Return the keywords for topics discovered
@documents: documents to be analyzed
@num_topics: number of topics we wish to find
@depth: depth of hierarchy
"""
texts = [
pre_processor(document).split() for document in documents
]
if dictionary is None:
dictionary = corpora.Dictionary(texts)
if corpus is None:
corpus = [dictionary.doc2bow(text) for text in texts]
ldamodel = models.ldamodel.LdaModel(
corpus,
num_topics=num_topics,
id2word=dictionary,
passes=passes
)
lda_output = {}
topics = ldamodel.get_topics()
for i, topic_words in enumerate(topics):
# sort keywords based on their weights/contributions to the topic
sorted_words = sorted(
list(enumerate(topic_words)),
key=lambda x: x[1],
reverse=True
)
lda_output['Topic {}'.format(i)] = {
'keywords': [
(dictionary.get(i), x)
for i, x in sorted_words[:num_words]
]
'subtopics': {}
}
if depth <= 1:
return lda_output
# Group documents
topic_documents = {}
for j, corp in enumerate(corpus):
topics_prob = sorted(
ldamodel.get_document_topics(corp),
key=lambda x: x[1]
)
for i, topic in enumerate(topics_prob):
topic = 'Topic {}'.format(i)
curr_set = topic_documents.get(topic, set())
curr_set.add(j)
topic_documents[topic] = curr_set
# Now the recursive call
for topic in lda_output:
if topic_documents.get(topic):
topic_docs = [corpus[x] for x in topic_documents[topic]]

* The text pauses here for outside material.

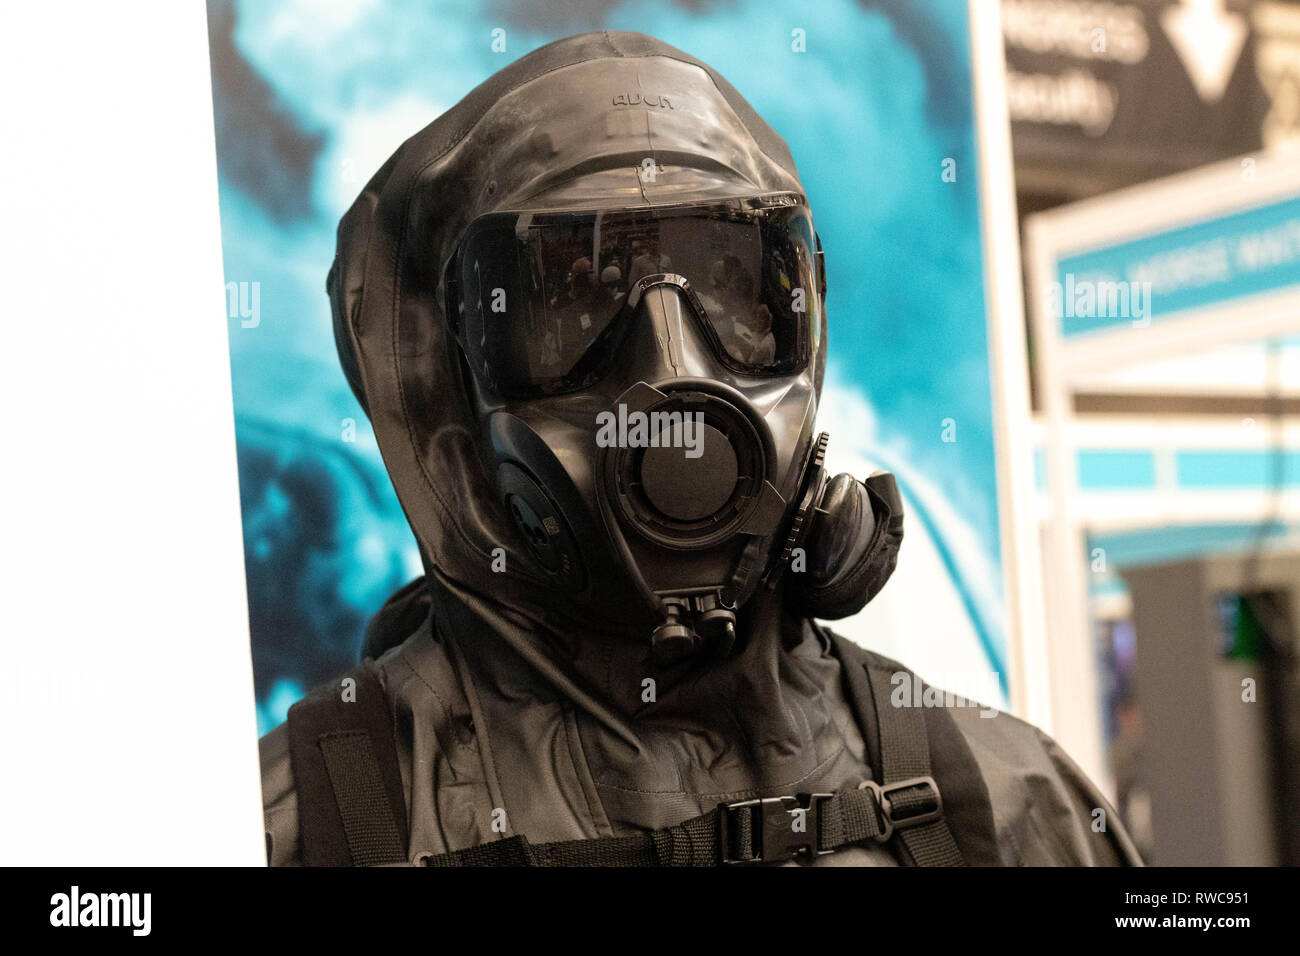 London 6th March 2019 Security and Counter Terror Expo 2019 at Olympia London, respirator for chemical, Nuclear and Biological attack protection Credit: Ian Davidson/Alamy Live News Stock Photo

lda_output[topic]['subtopics'] = find_topics_and_subtopics(
topic_docs,
num_topics,
depth-1,
dictionary,
corpus
)
return lda_output
The result of running the above function would result in output similar to the following:
{ "Topic 1": { "keywords": ["kw11, "kw12", ...], "subtopics": { "Topic 1": { "keywords": ["kw1.11", "kw1.12", ... ], "subtopics": { ... } }, ... } }, "Topic 2": { "keywords": ["kw21, "kw22", ...], "subtopics": { "Topic 1": { "keywords": ["kw2.21", "kw2.22", ... ], "subtopics": { ... } }, ... } }, ... }
The Problems and Possible Solutions
The following are the problems that we’ve faced:
- The first and the foremost,
gensim
has implemented Latent Dirichlet Allocation(LDA) which is a statistical method which therefore does random initialization of topics and keywords. So, if we don’t do more iterations, running the algorithm multiple times with same documents result in quite different results. - Although more iteration means more stable and predictable output, it causes the algorithm to run slow for large documents. Finding a balance between these is a challenge and completely experimental. It also depends on the kinds of documents we have.
- Also, since we’ve introduced recursive solution for hierarchical modeling, the complexity grows exponentially with depths of topics. And with large documents, it becomes very slow.
The first two problems are inherent in the algorithm itself and is just a matter of finding out the balance between stable results and faster calculation. However, for the third problem mentioned above, we ‘ve implemented caching in server side to prevent running the algorithm multiple times if the documents have not changed.